The authors declare that they have no competing interests.
AM implemented the Task 3 system, including parsing of sentences and feature engineering. DM handled the various Task 1 systems, and implemented the NICTA system for Task 1. TB co-ordinated the study and participated in its design. All authors read, contributed to and approved the final manuscript.
This work describes a system for identifying event mentions in bio-molecular research abstracts that are either speculative (e.g. analysis of IkappaBalpha phosphorylation, where it is not specified whether phosphorylation did or did not occur) or negated (e.g. inhibition of IkappaBalpha phosphorylation, where phosphorylation did not occur). The data comes from a standard dataset created for the BioNLP 2009 Shared Task. The system uses a machine-learning approach, where the features used for classification are a combination of shallow features derived from the words of the sentences and more complex features based on the semantic outputs produced by a deep parser.

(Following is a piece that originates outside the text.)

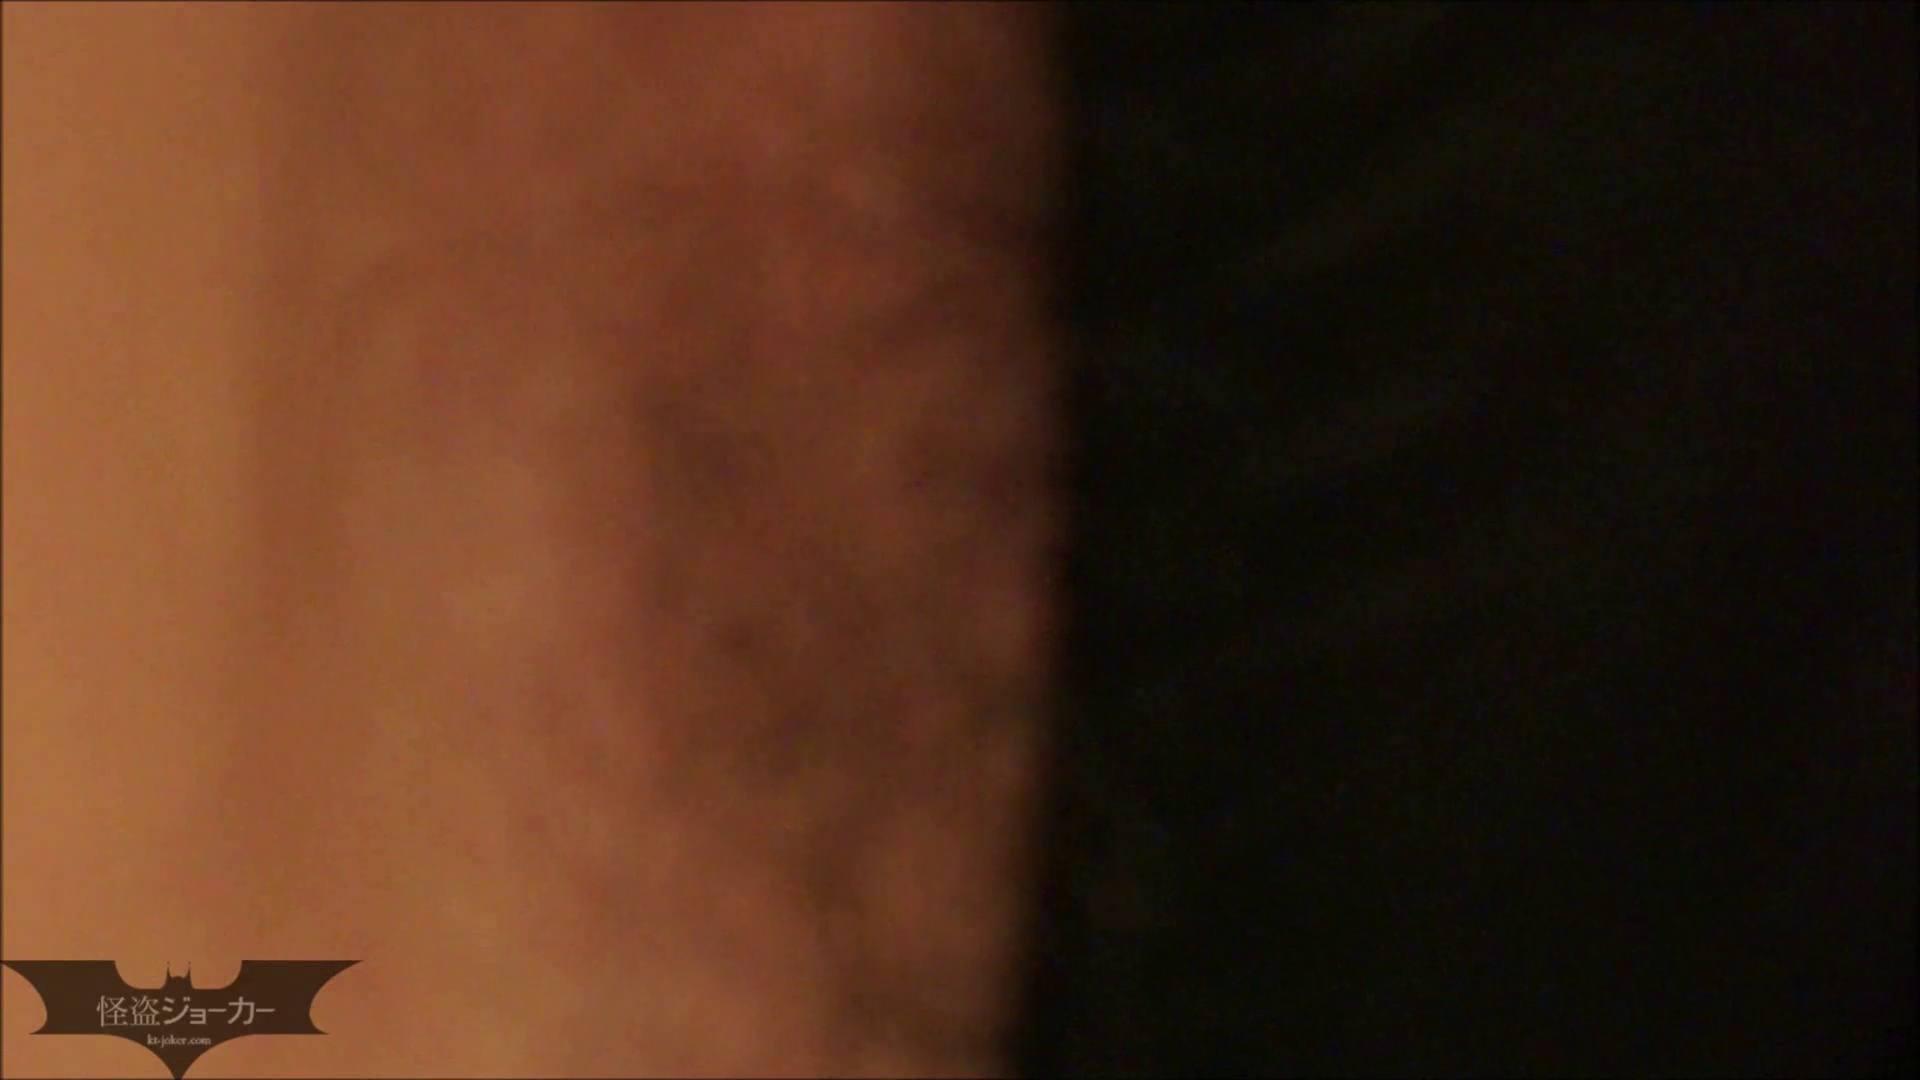 【未公開】vol.63【小春】金髪化してた時期の小春。。。ナマで出し続け・・・ 色っぽいOL達  103pic 66

To detect event modification, we use a Maximum Entropy learner with features extracted from the data relative to the trigger words of the events. The shallow features are bag-of-words features based on a small sliding context window of 3-4 tokens on either side of the trigger word. The deep parser features are derived from parses produced by the English Resource Grammar and the RASP parser. The outputs of these parsers are converted into the Minimal Recursion Semantics formalism, and from this, we extract features motivated by linguistics and the data itself. All of these features are combined to create training or test data for the machine learning algorithm.
Over the test data, our methods produce approximately a 4% absolute increase in F-score for detection of event modification compared to a baseline based only on the shallow bag-of-words features.
Our results indicate that grammar-based techniques can enhance the accuracy of methods for detecting event modification.